The COVID-19 crisis has seen an exponential global expansion in online communication, both in the way we connect and why we connect.
Everything from business meetings to rock concerts and museum tours have moved into the virtual world, accessible to anyone with an internet connection and device to view it.
Telehealth or ehealth for humans is something that has existed in some form almost since the invention of the telephone, but in recent years, veterinary medicine too has begun to embrace the opportunities it offers.
As with human telehealth, the veterinary equivalent is not designed to take the place of hands-on consultations, but to complement the services offered, enabling owners to access veterinary advice quickly for a range of circumstances.
According to Vet Practice magazine, it can be "a game changer in a triage situation, allowing qualified vets to quickly assess a situation via video call and advise if emergency treatment is required."
The article's author Clea Sherman goes on to say that "telemedicine and mobile vet services can make a significant difference to the common issue of small problems with animals becoming big ones."
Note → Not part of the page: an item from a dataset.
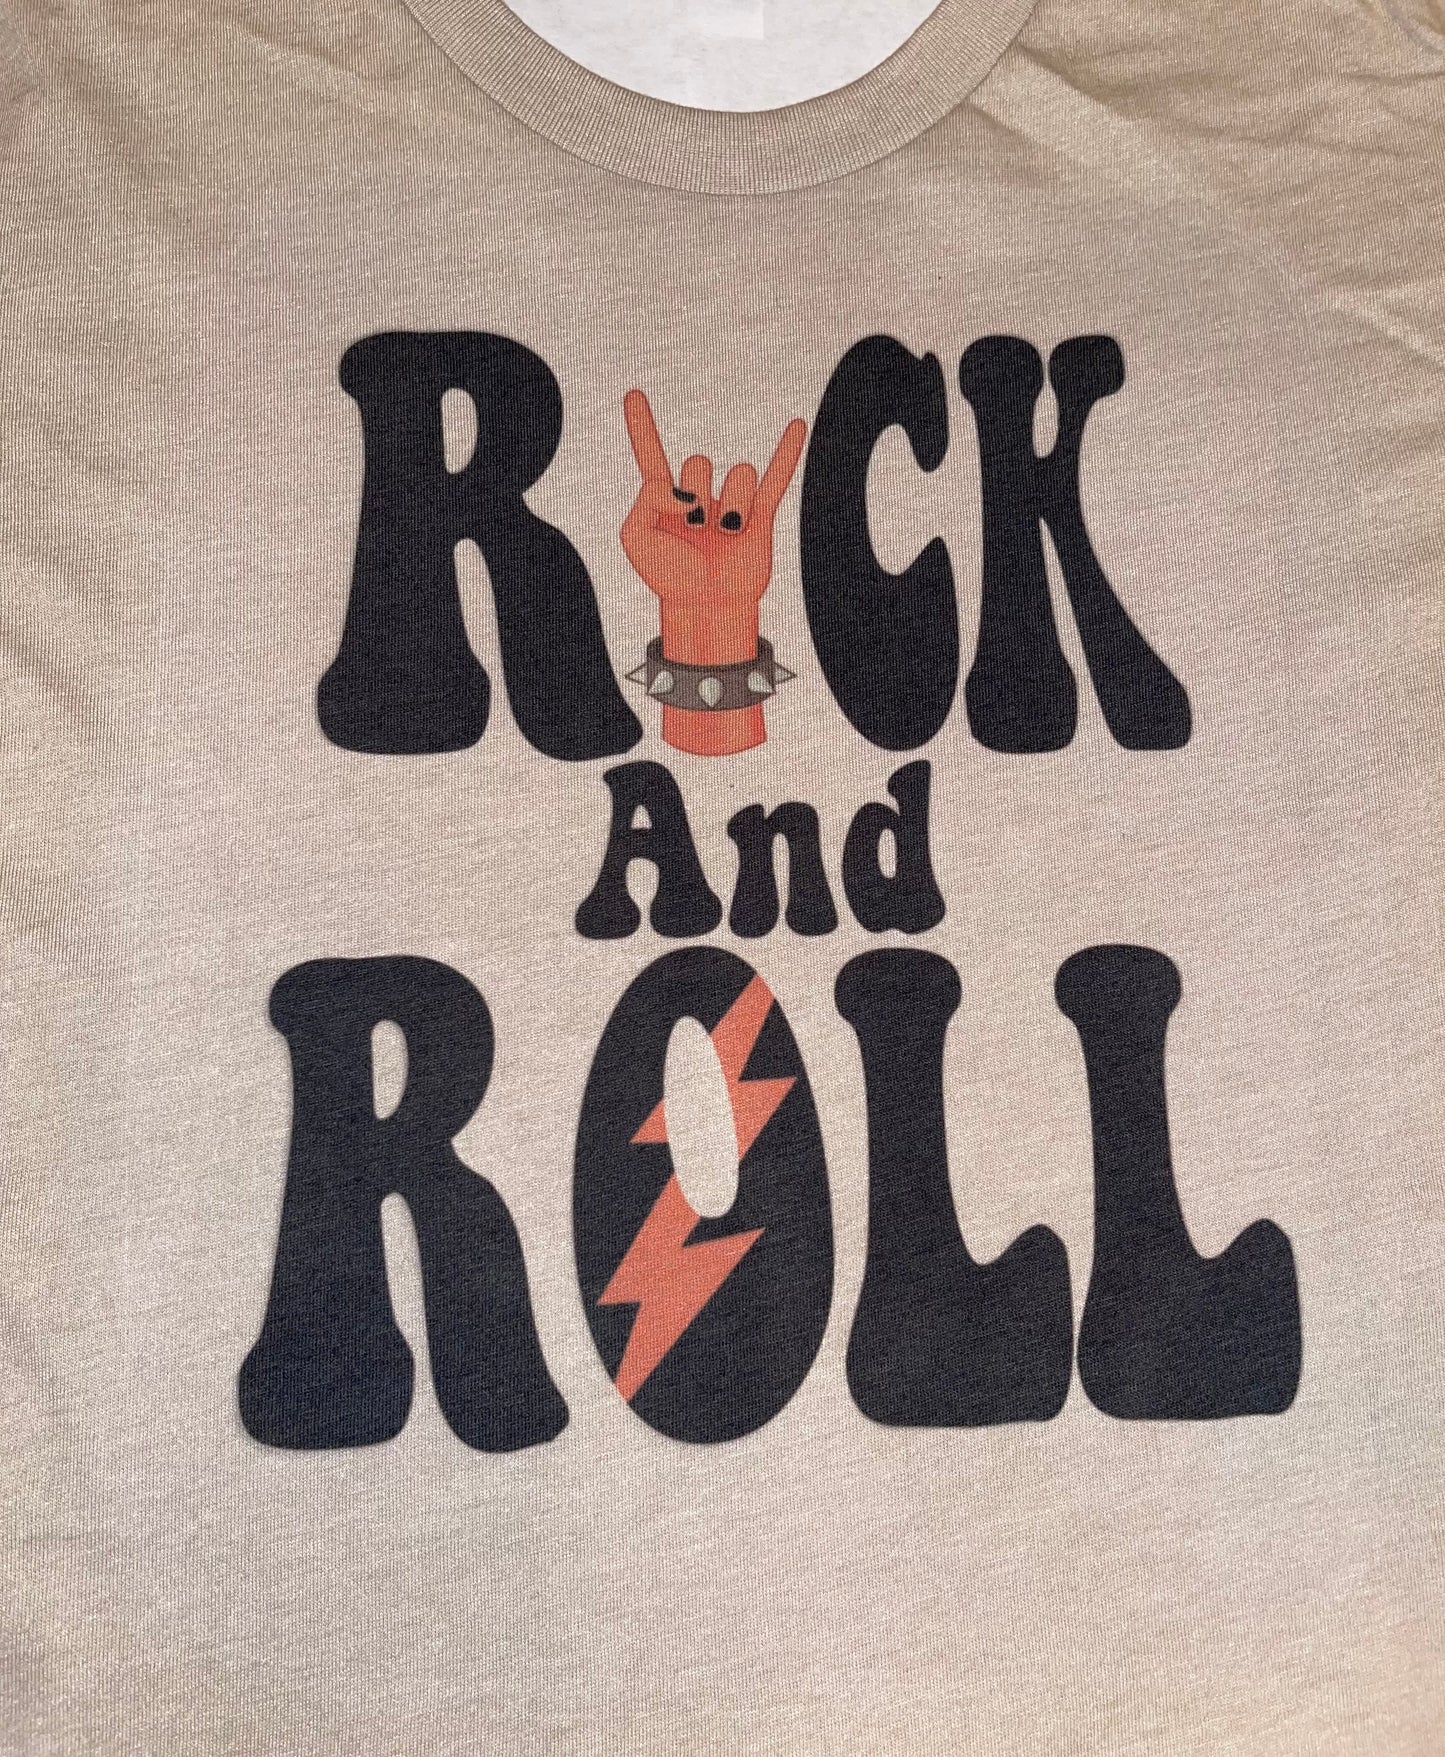 Rock and Roll Tee

Not only does it provide pets and owners with an immediate and stress-free veterinary consultation, but it could also help address what appears to be a growing shortage of vets according to a survey conducted by the Lincoln Institute in 2019, which found practices had been struggling to fill vacancies for veterinarians.
One of the newest players in the telemedicine field is Greencross Vets who joins other providers like VetChat, Phone A Vet and Pawssum.
Greencross Vets is rolling out a nationwide telemedicine service for pets, WebVet, through which they will offer access to a network of 1000 veterinary professionals 24 hours a day, seven days a week.
Chief Executive Officer at Petbarn and Greencross Vets George Wahby, said this new initiative would be a much-needed support network for pet parents across Australia.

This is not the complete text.